Precisamos integrar todos os aspectos que nos compõe. Não podemos ser totalmente bons porque a maldade também existe em nós, mas podemos reconhecer os aspectos da maldade, ter consciência deles e com isso aprender a escolher caminhos mais saudáveis, construtivos e com menos danos a nós e aos outros. Se os aspectos inconscientes estiverem no comando de um presidente por exemplo, podemos viver catástrofes inimagináveis, como foi o Holocauto por exemplo.

As pessoas se perguntam como um homem influênciou toda uma nação. Exatamente porque todos nós temos todas as emoções como medo, aflição, desejo de vingança, inveja, necessidade de poder, autoritarismo etc… Um povo inconsciente acaba se tornando alvo de manobras de líderes fortes em sua personalidade, o que não significa que esses líderes estejam conscientes dos aspectos emocionais individuais e coletivos que estão em jogo o tempo todo.

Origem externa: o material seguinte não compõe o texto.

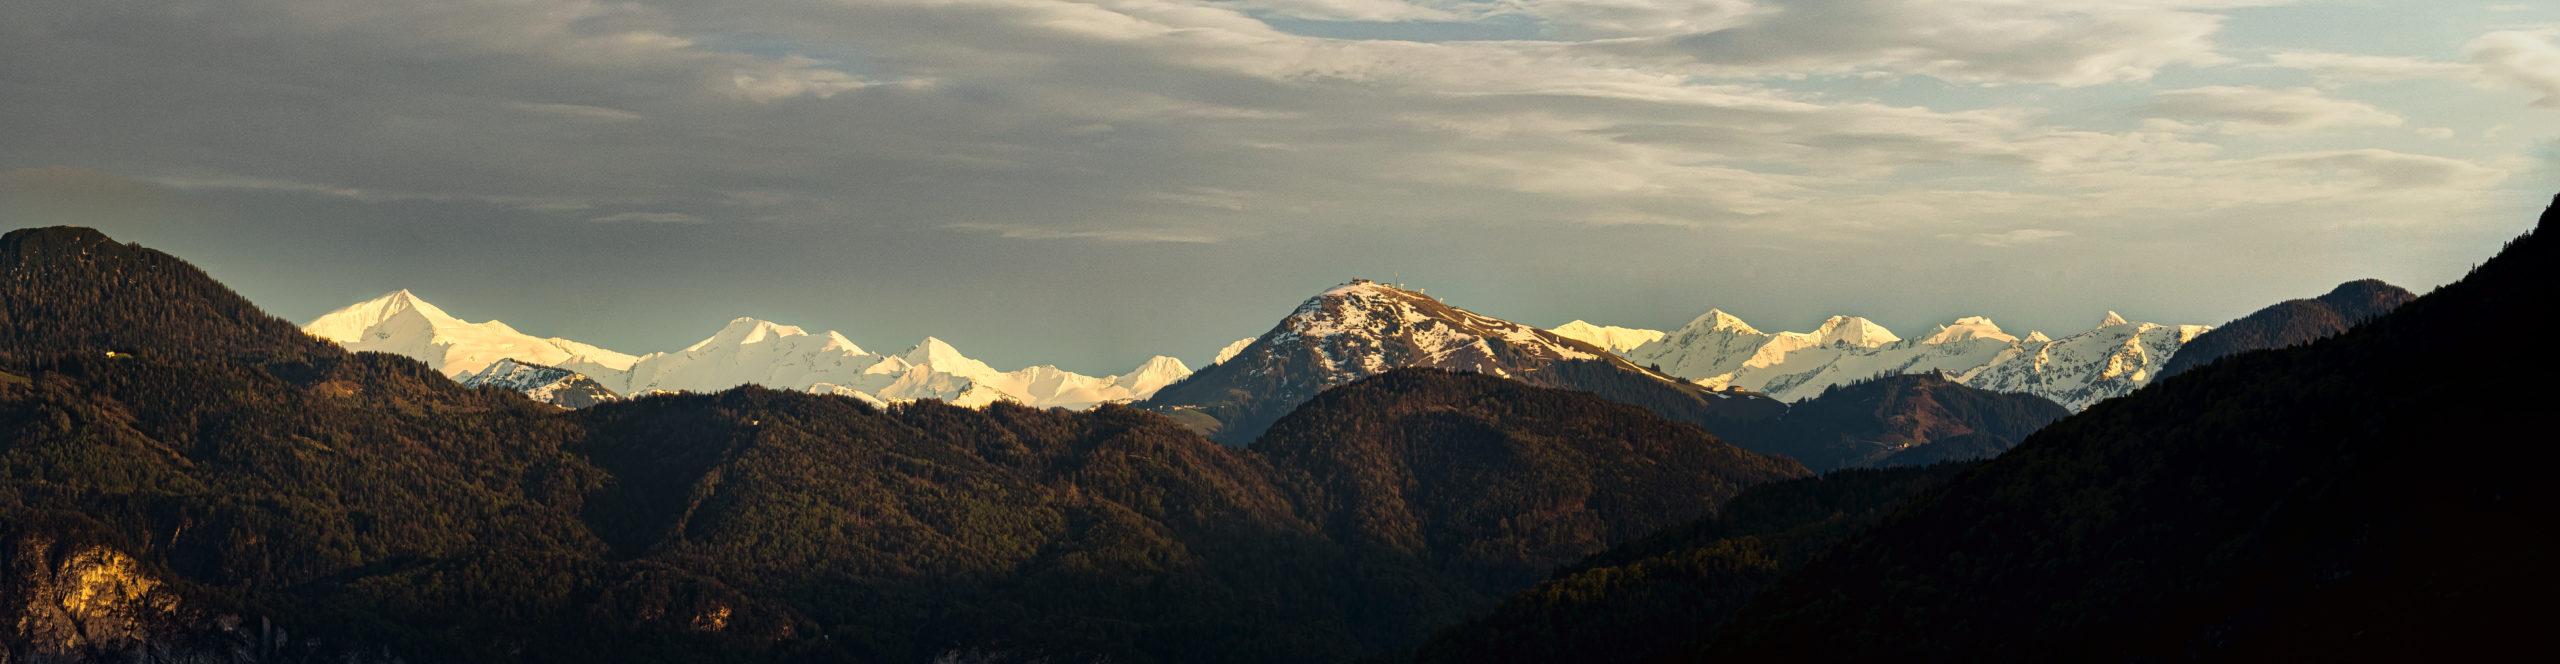 Gleißendes Abendlicht auf Schneebedeckte Berge

Sem consciência permanecemos por anos, meses, séculos num ciclo vicioso repetitivo, afastando de nossa consciência muitos elementos fundamentais ao processo de amadurecimento emocional, que vem da capacidade de integrar tudo o que julgamos ser bom ou ruim. Esse é o caminho para uma civilização mais evoluída. Já estamos caminhando a passas largos no quesito informação e tecnologia, porém estamos a anos luz de um conhecimento psicológico que nos dê uma base de construção de um mundo e humanidade mais integrada e harmônica, menos conflituosa e destrutiva.